The frontier is the queue (really a set of priority queues) that decides which URL to crawl next while enforcing politeness - never hitting the same host too frequently. It balances page priority against per-host rate limits and is the centerpiece of the design.
How does a crawler avoid crawling the same page twice?
It maintains a 'seen URL' set, checked on every discovered link. At billions of URLs a bloom filter gives a compact, fast 'probably seen' test, backed by an authoritative store for confirmation. Content hashing additionally catches near-duplicate pages at different URLs.
How do you make a crawler polite?
Honor robots.txt (cached per host), respect any crawl-delay directive, and rate-limit requests per domain so you never overload a site. Distributing the frontier by host keeps politeness enforcement local to each crawler node.
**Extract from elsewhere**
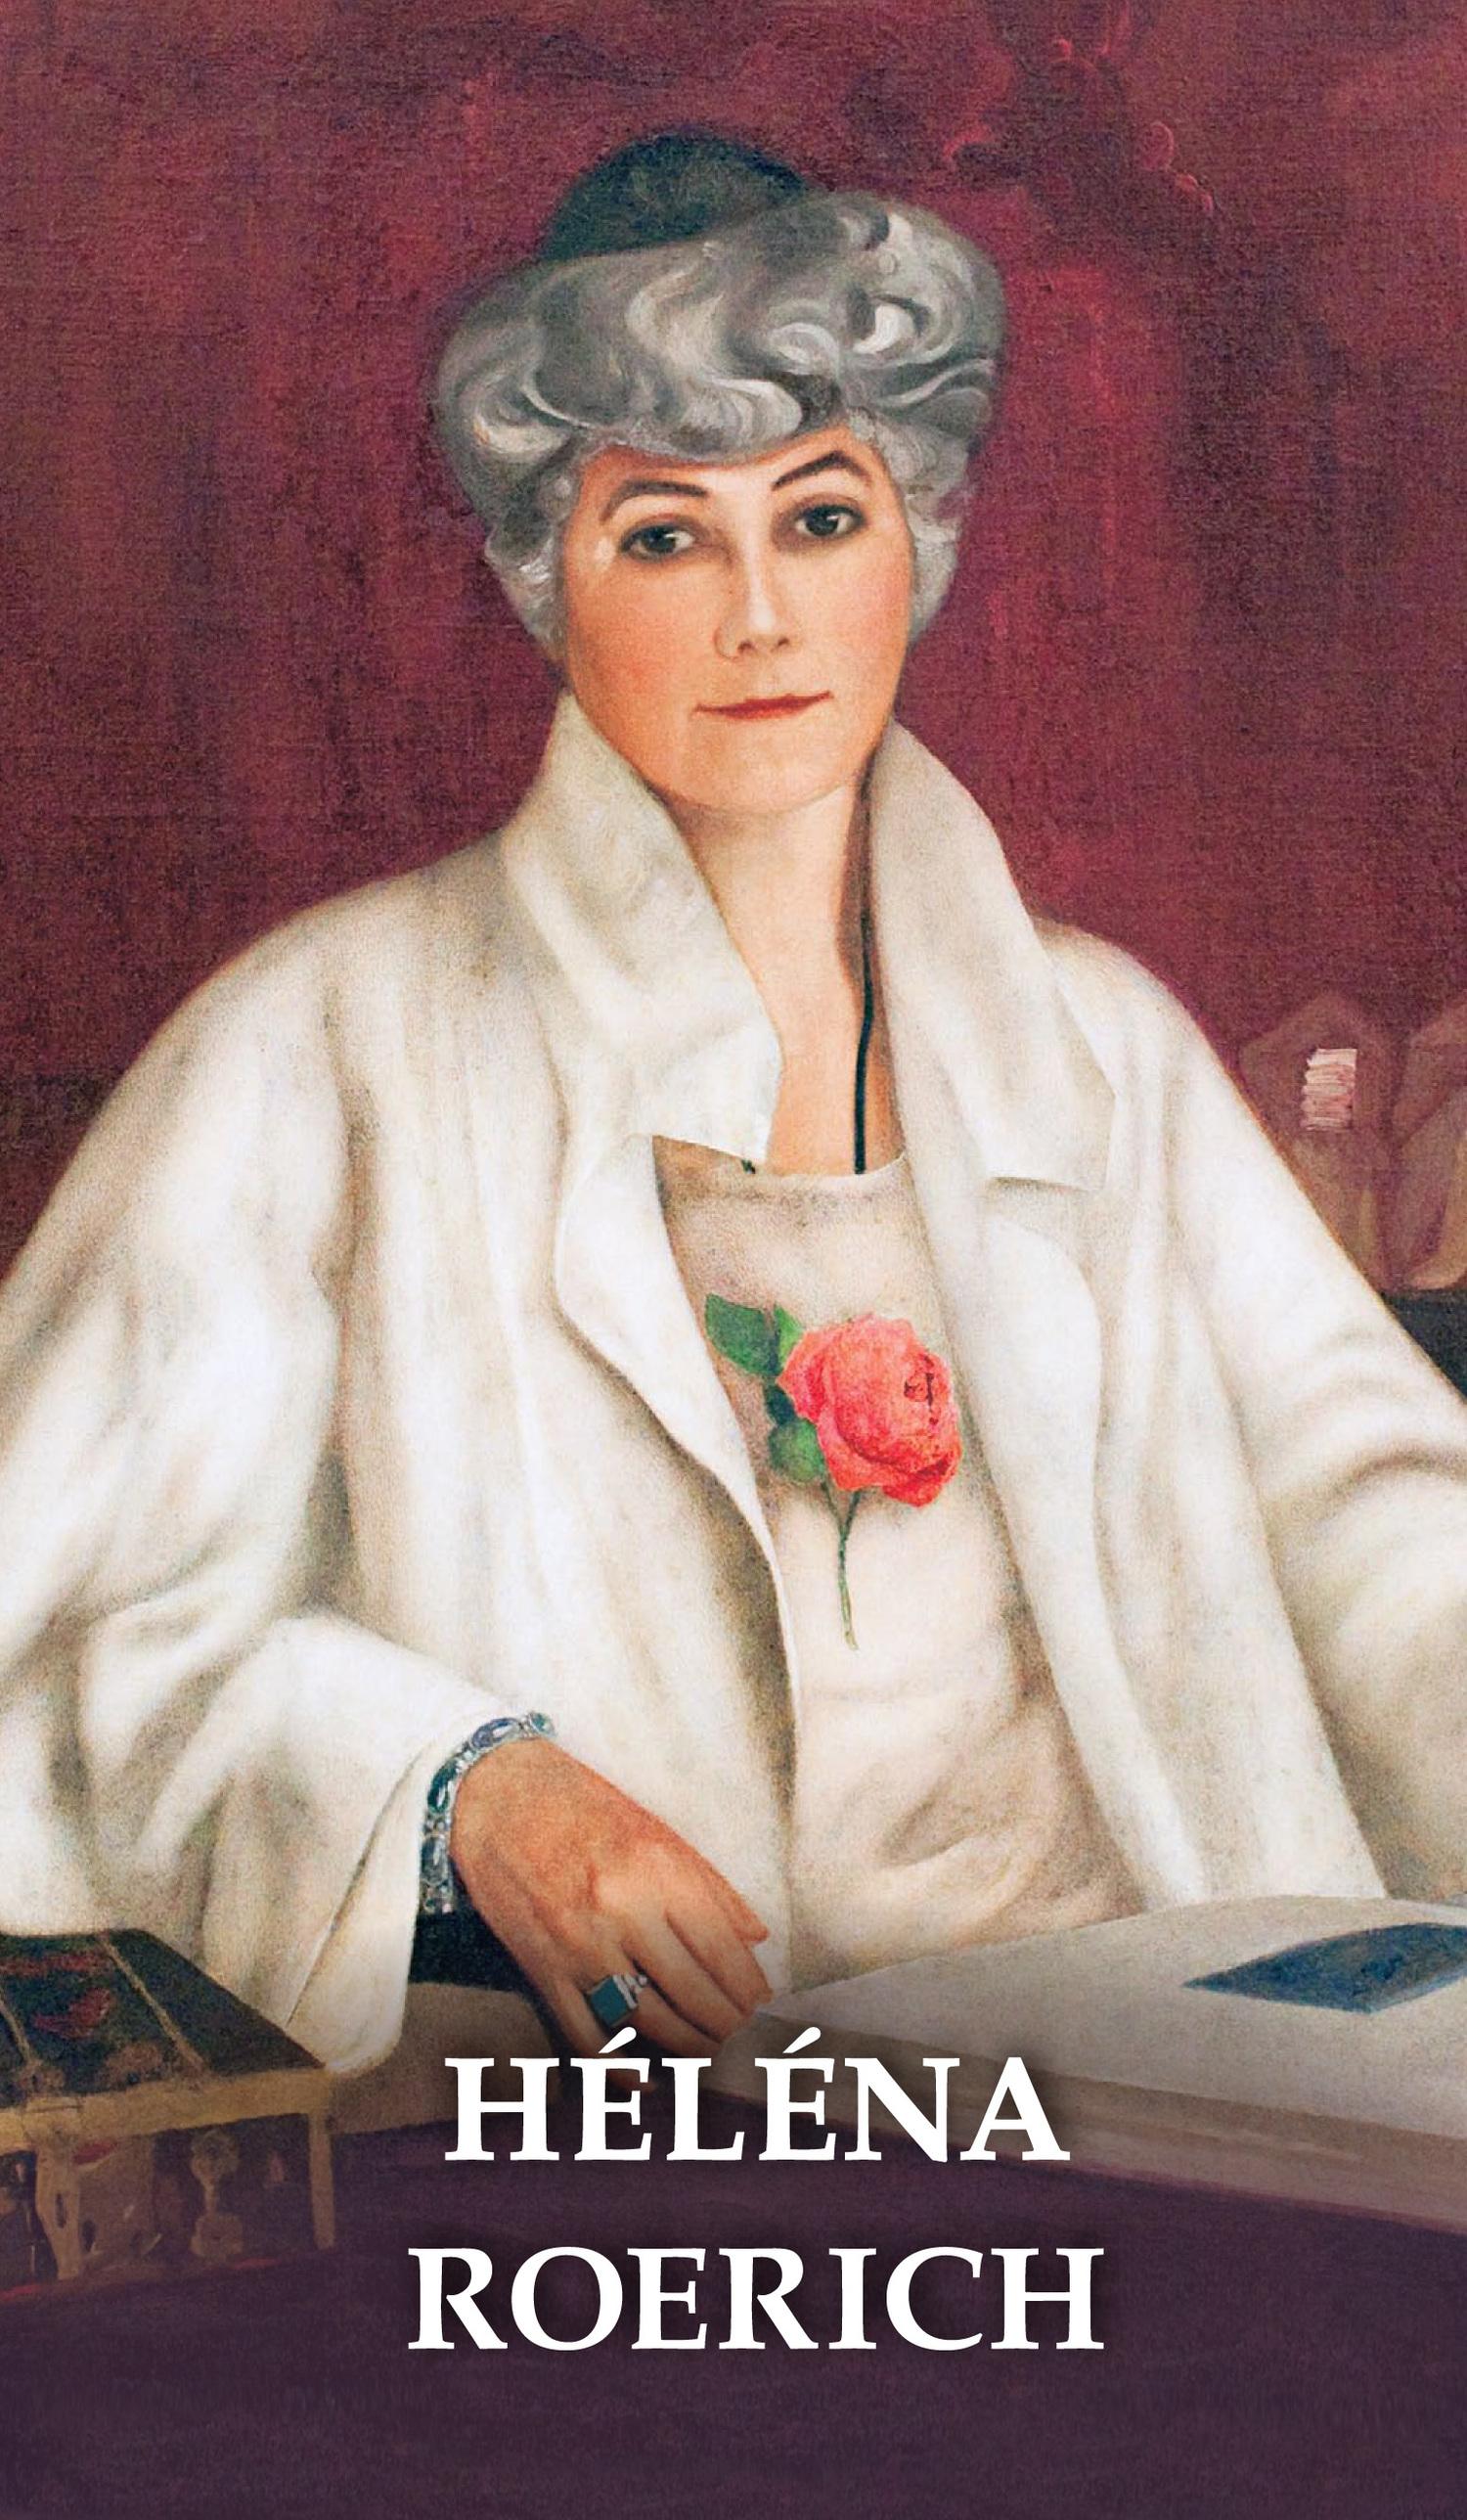 Т. О. Книжник. Héléna Roerich

What are crawler traps and how do you handle them?
Crawler traps are pages that generate effectively infinite URLs - endless calendars, session-ID links, or deep recursive paths. Defend with URL-depth limits, a per-host page cap, and pattern detection that spots and skips trap-like URL structures.
How do you scale a crawler to billions of pages?
Distribute the frontier by host hash so each node owns a set of domains, run many parallel fetcher workers (crawling is I/O-bound), use a bloom filter for fast dedup, and store content in object storage. Schedule re-crawls by how often each page changes.